• _About this task_
Would you output the listing exactly, with every image omitted?

• _Given data_
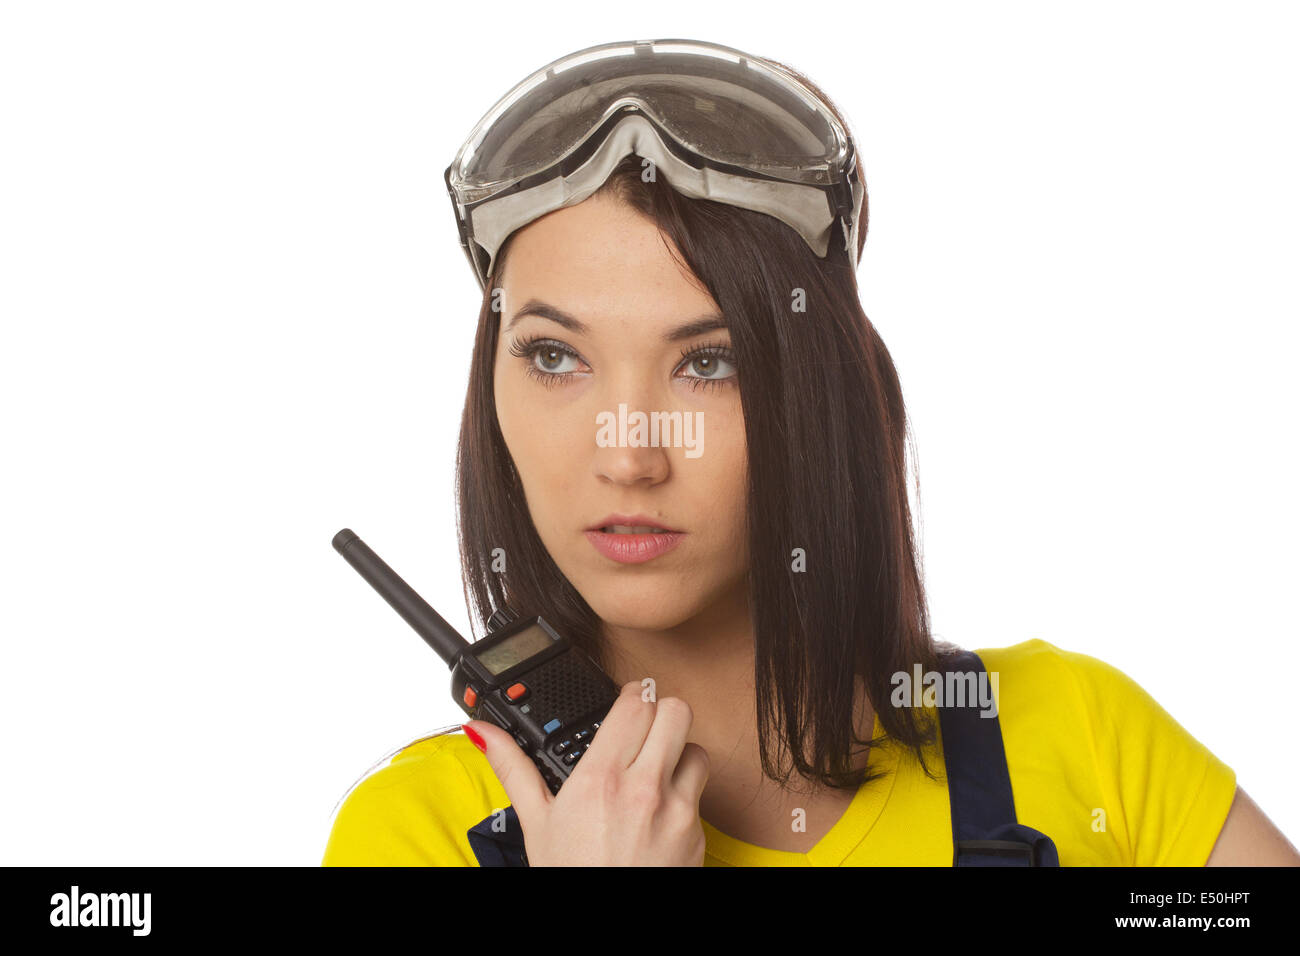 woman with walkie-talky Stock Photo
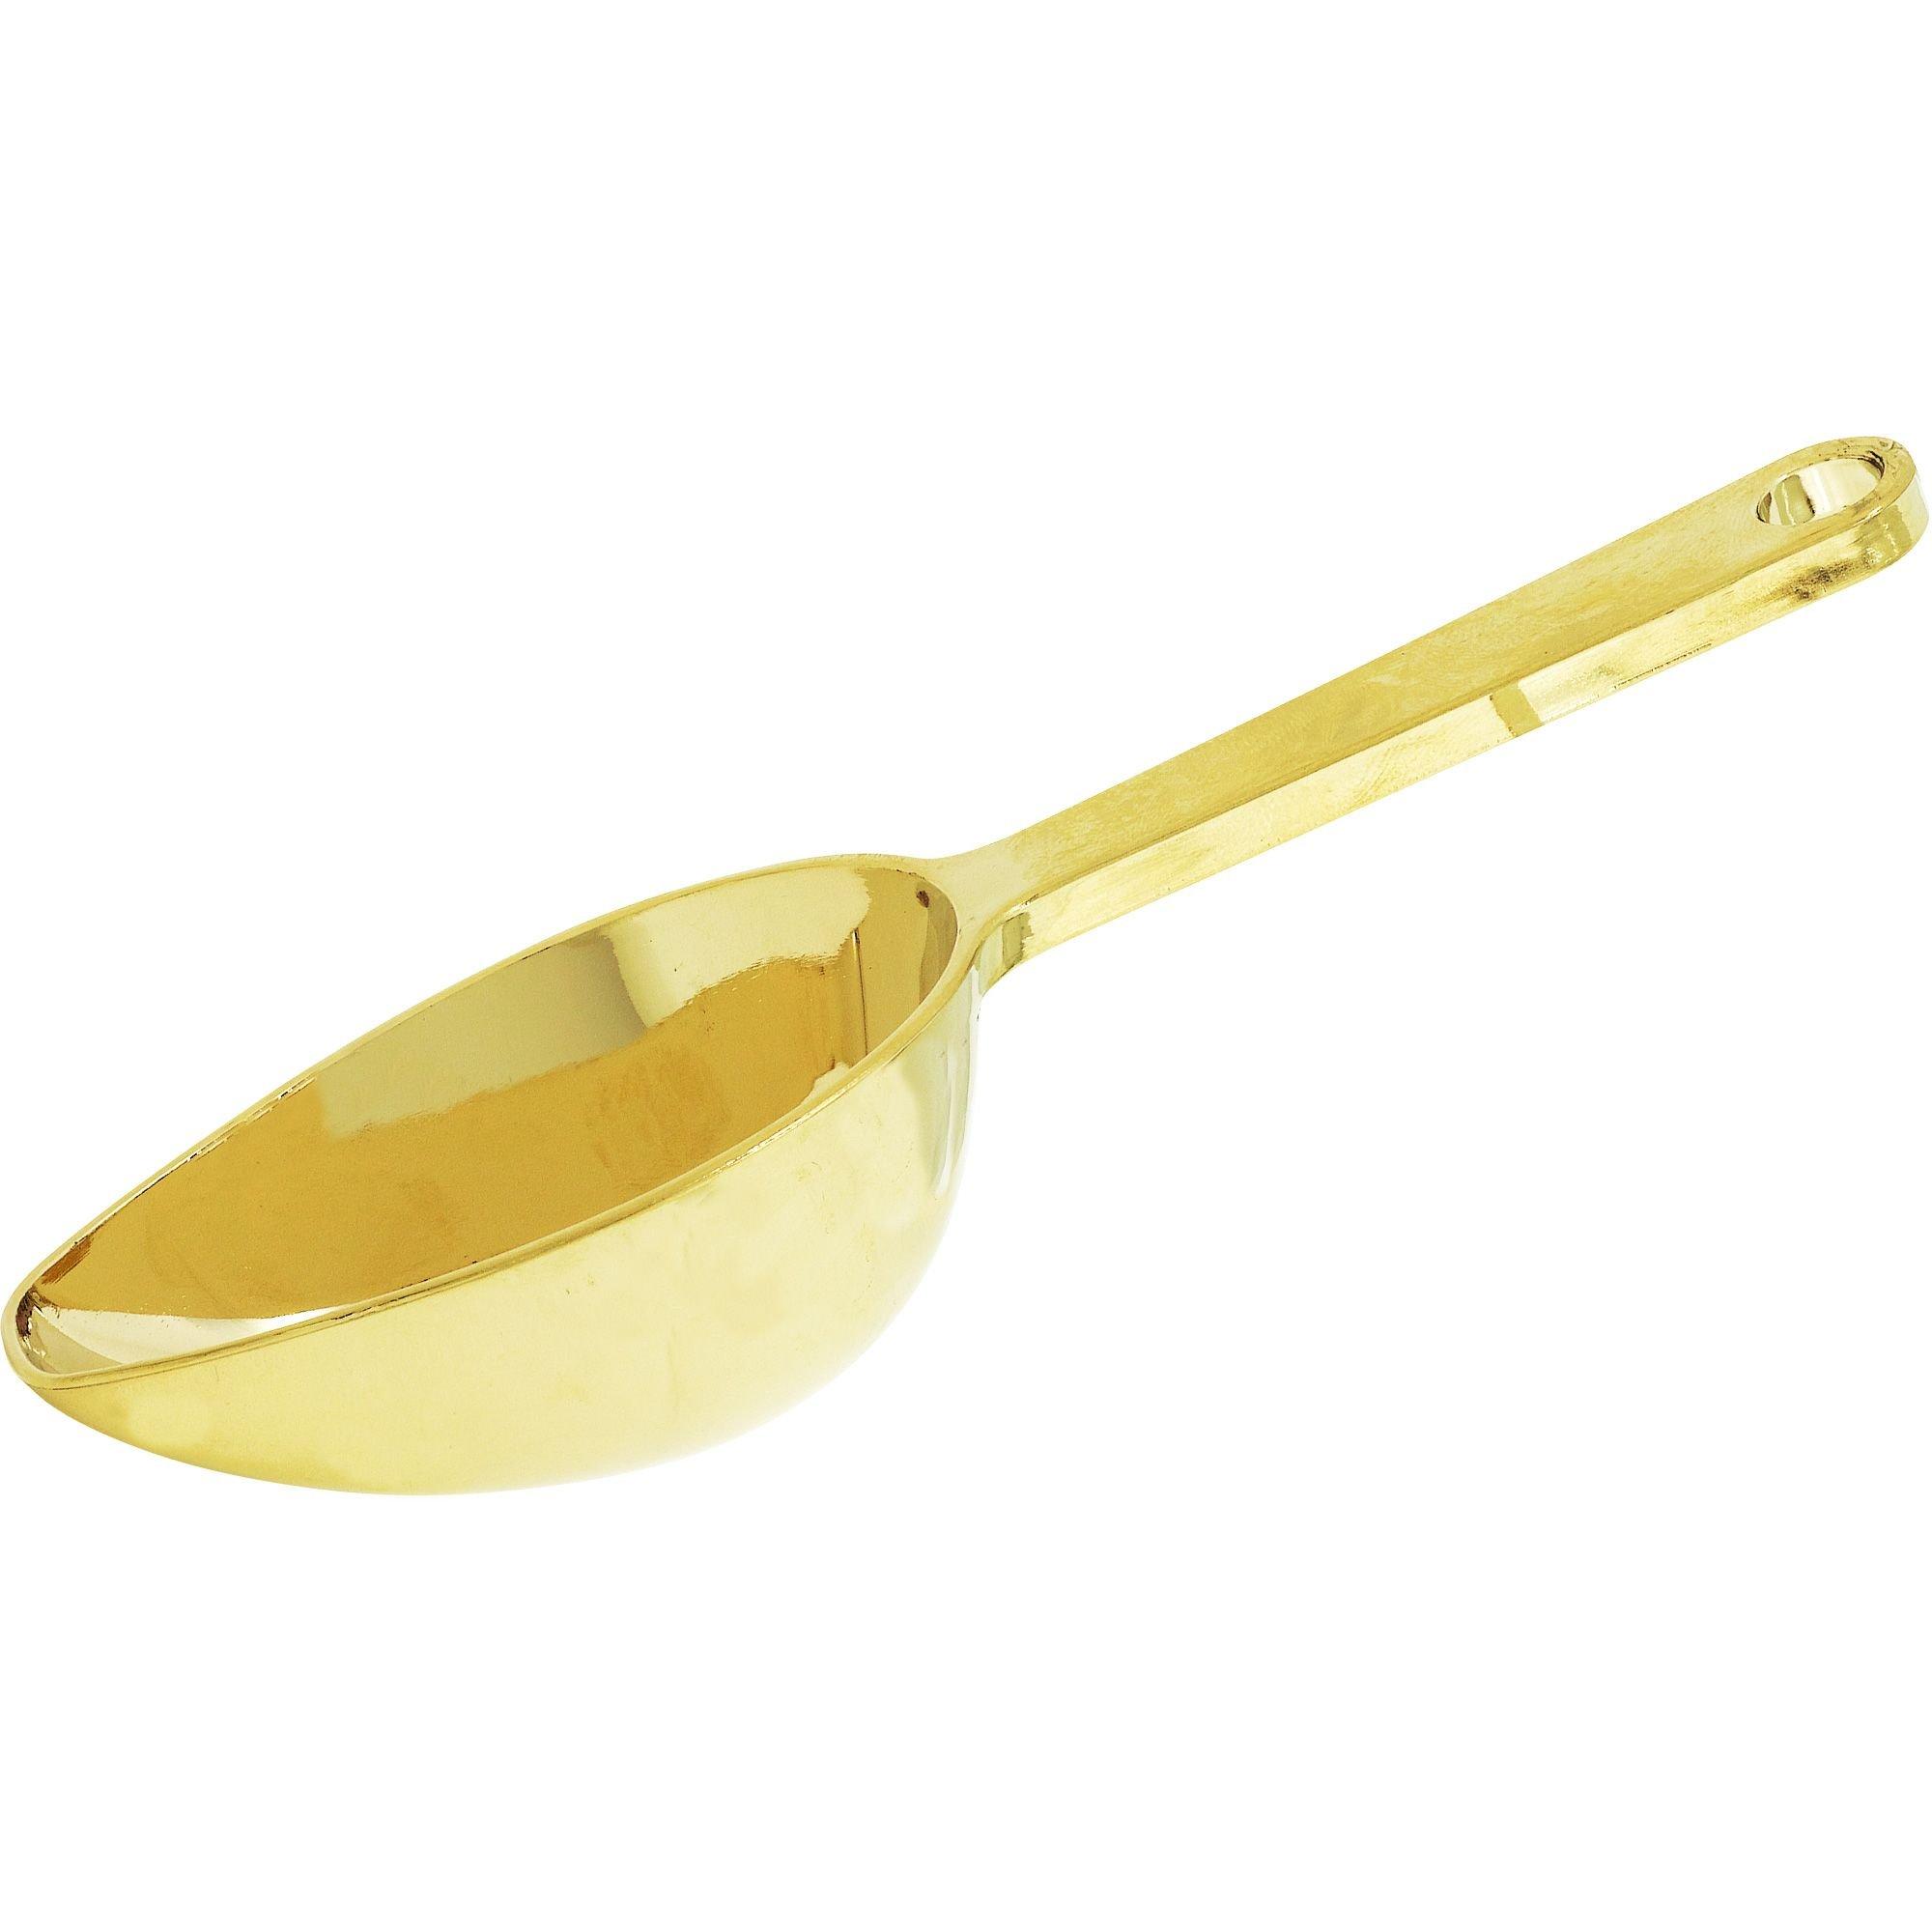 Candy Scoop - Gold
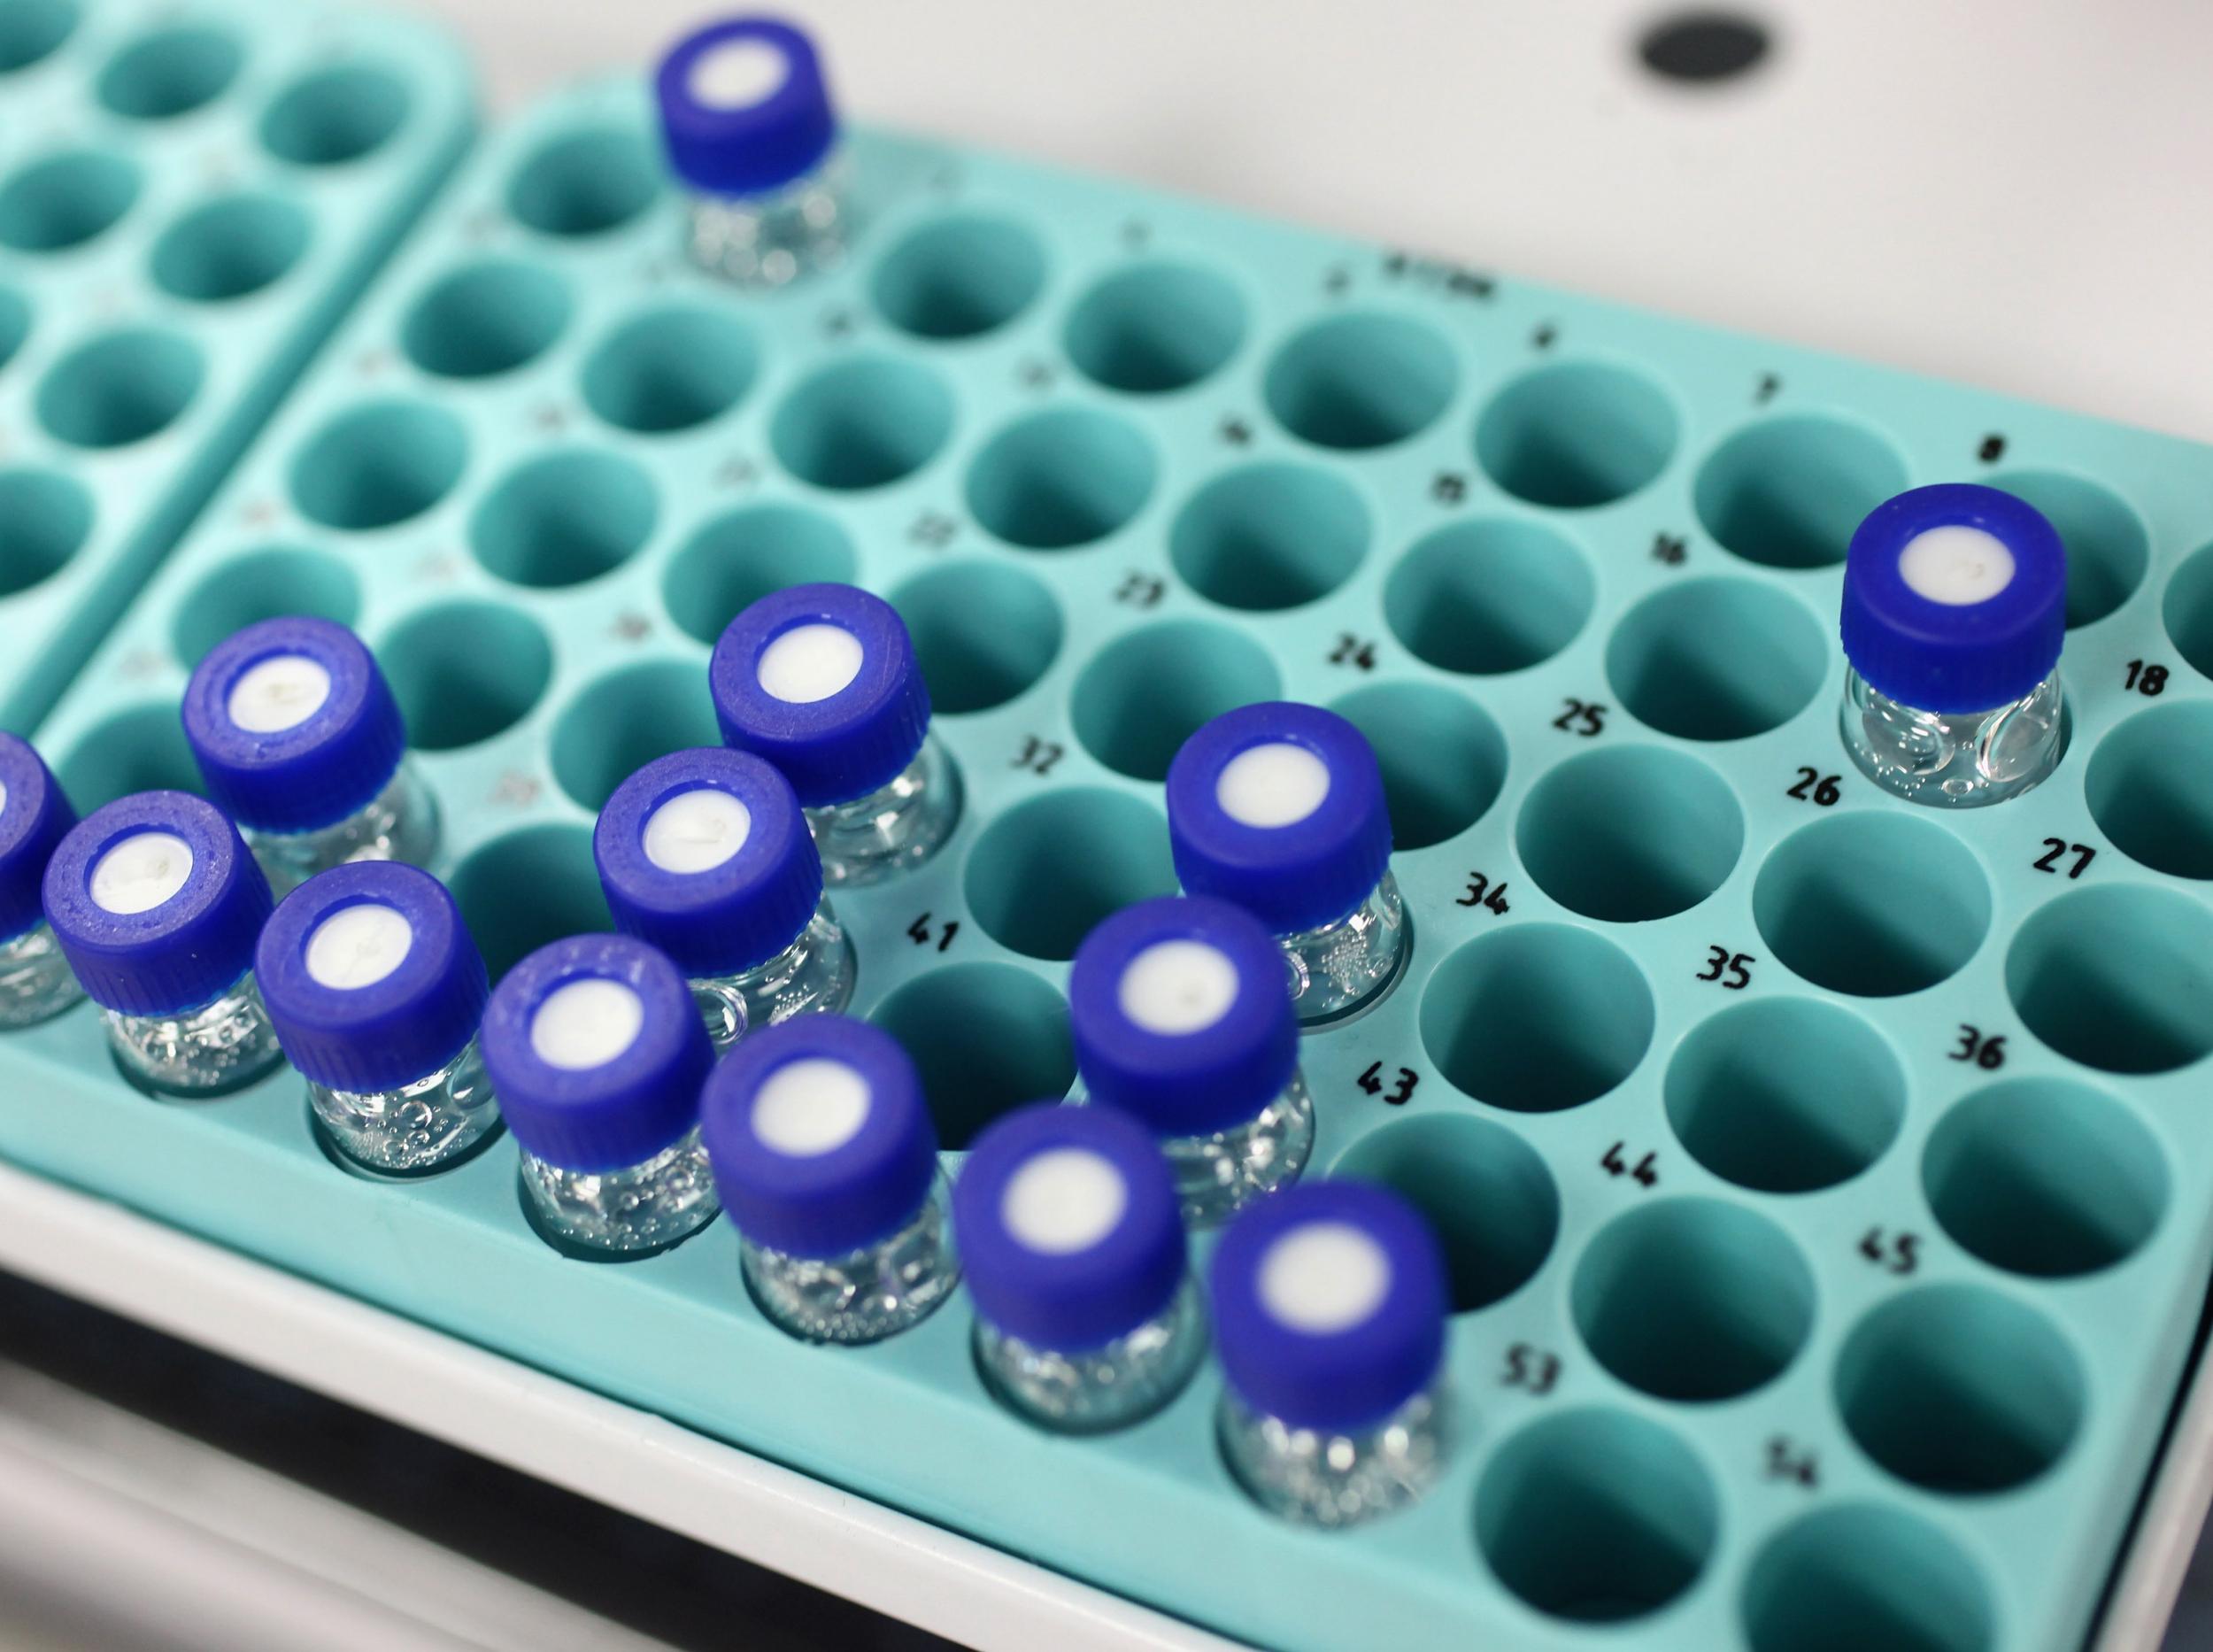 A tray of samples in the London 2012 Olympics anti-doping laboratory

• _Response for this exercise_
 woman with walkie-talky Stock Photo
 Candy Scoop - Gold
 A tray of samples in the London 2012 Olympics anti-doping laboratory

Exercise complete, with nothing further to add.